Dataset section:
* * * * *

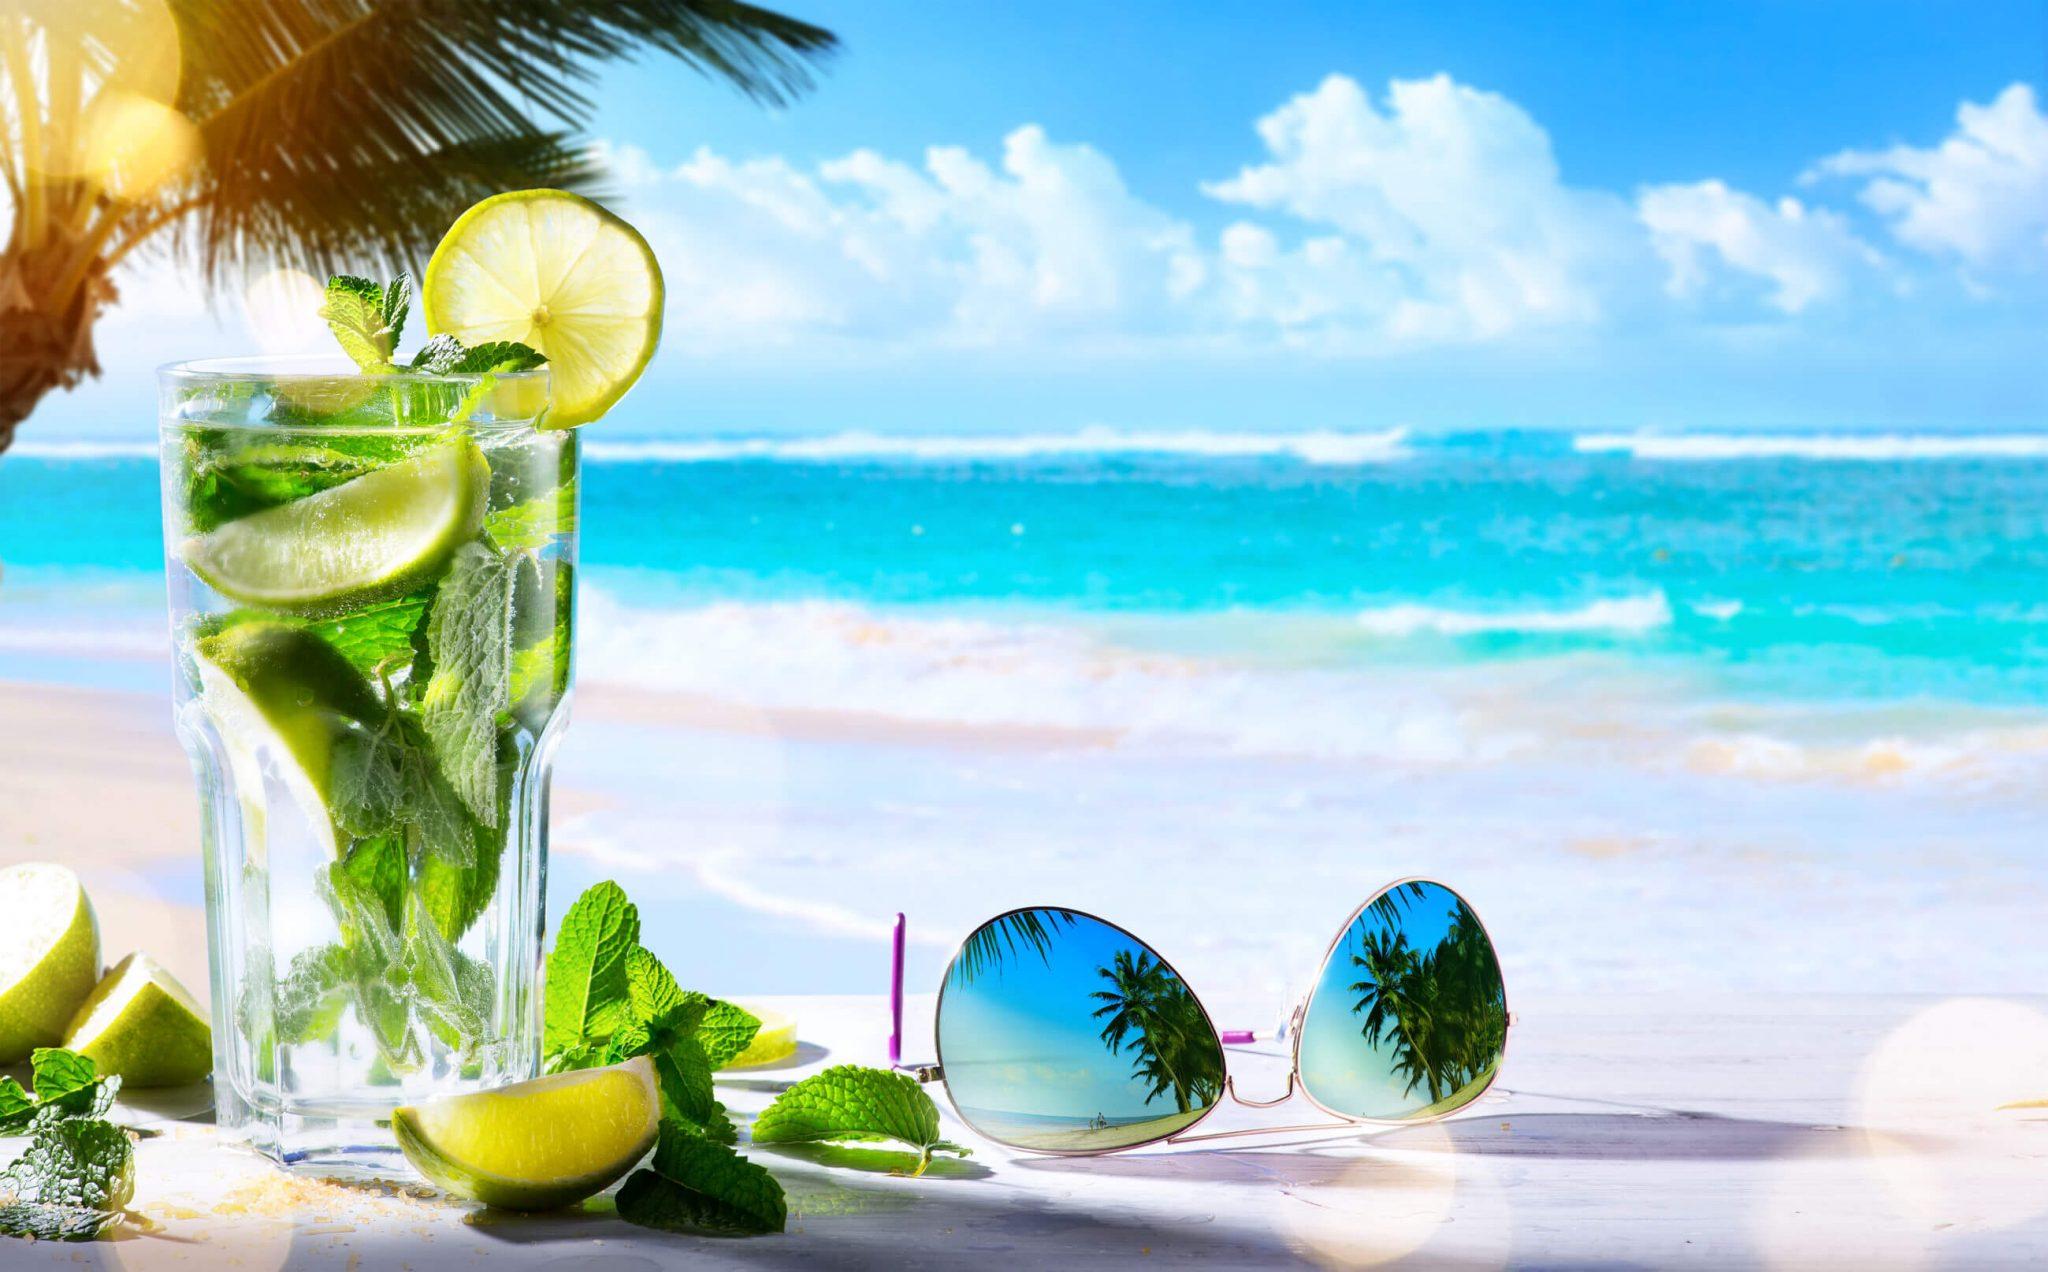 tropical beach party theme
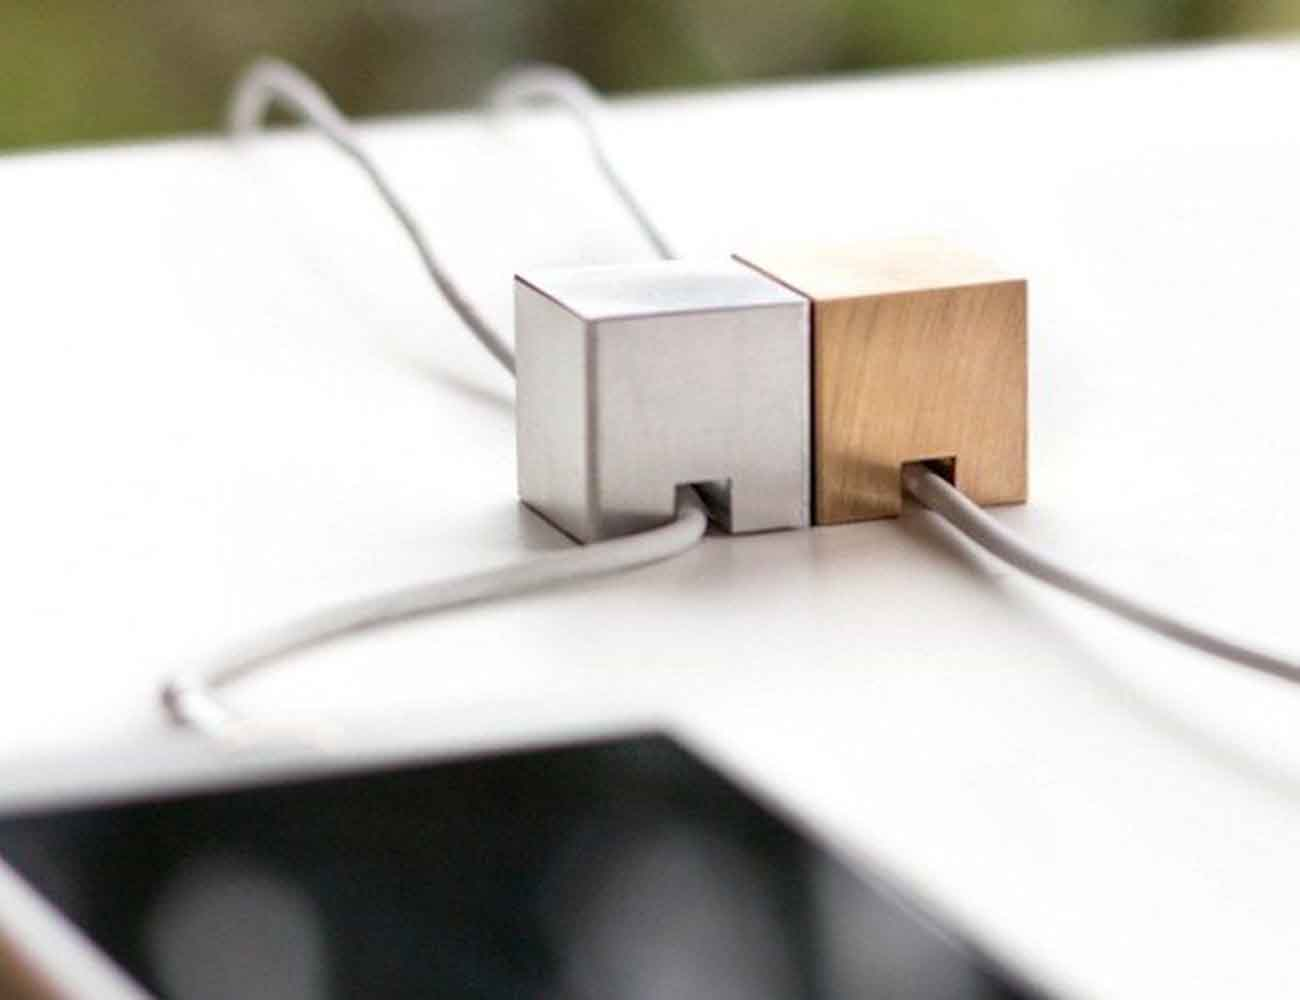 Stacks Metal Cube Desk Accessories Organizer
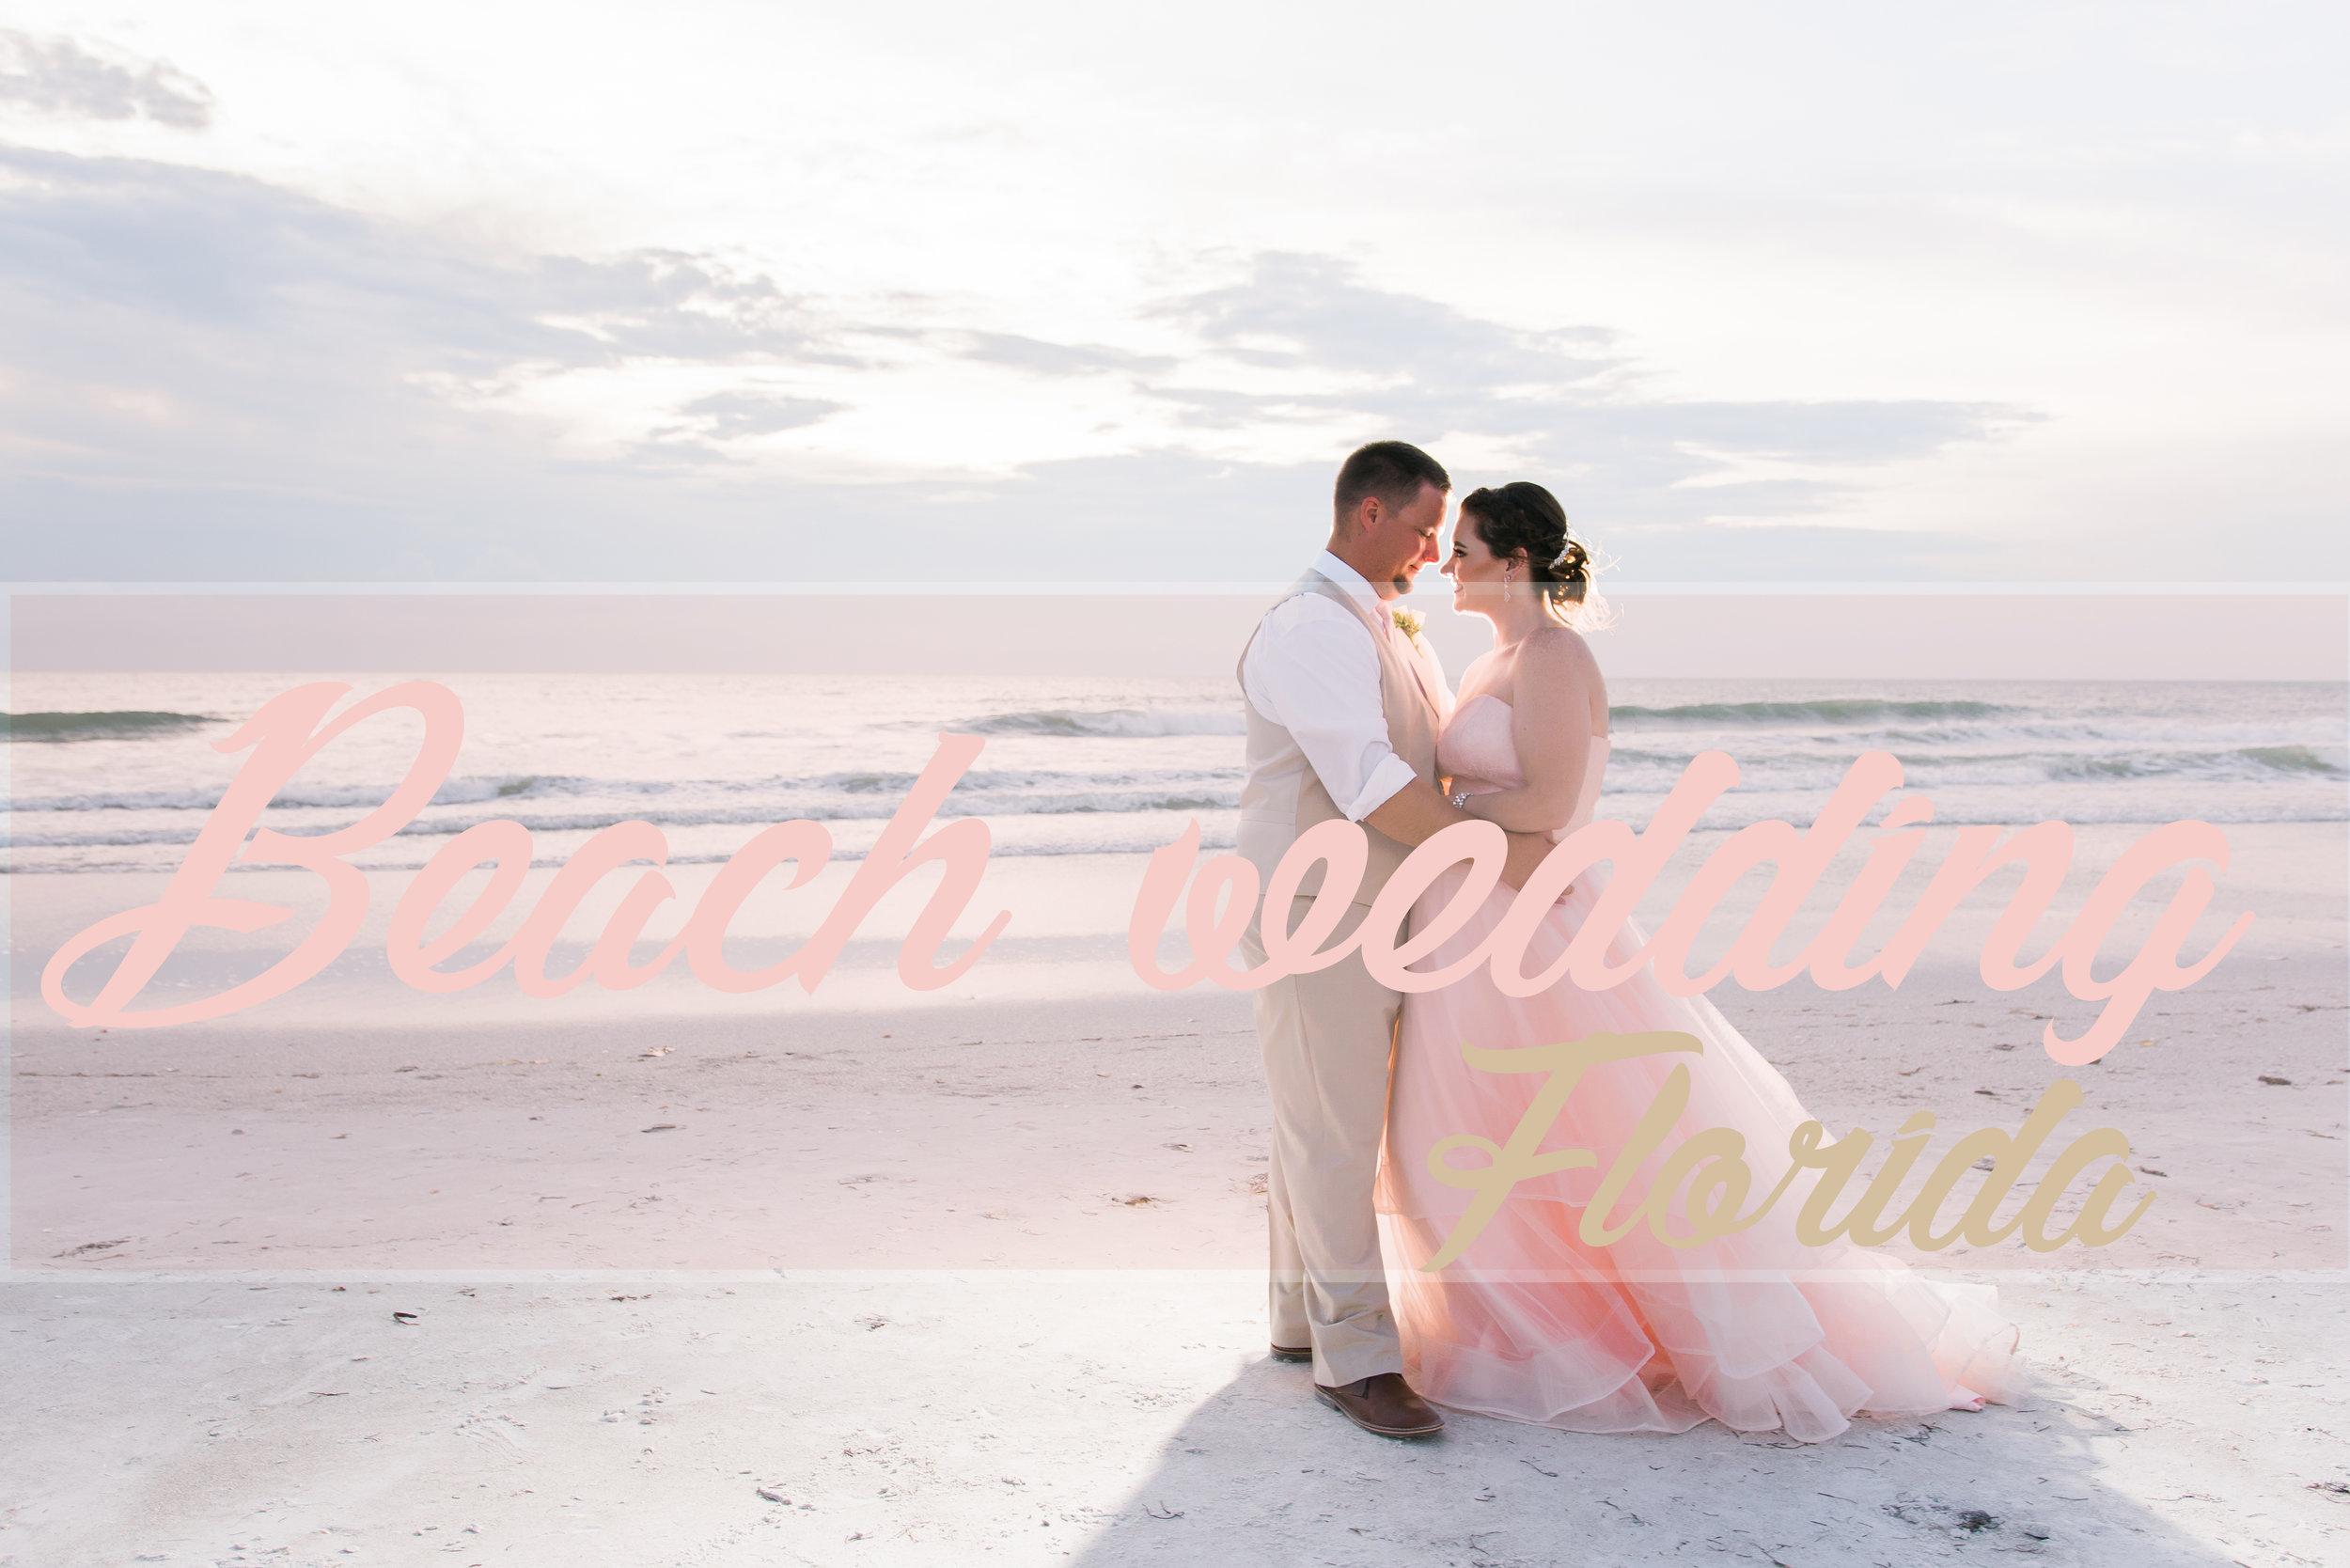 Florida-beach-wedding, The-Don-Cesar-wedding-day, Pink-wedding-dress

* * * * *

Exercise prompt: Give the listing again word for word, but drop every picture.

Solution for this task:
 tropical beach party theme
 Stacks Metal Cube Desk Accessories Organizer
 Florida-beach-wedding, The-Don-Cesar-wedding-day, Pink-wedding-dress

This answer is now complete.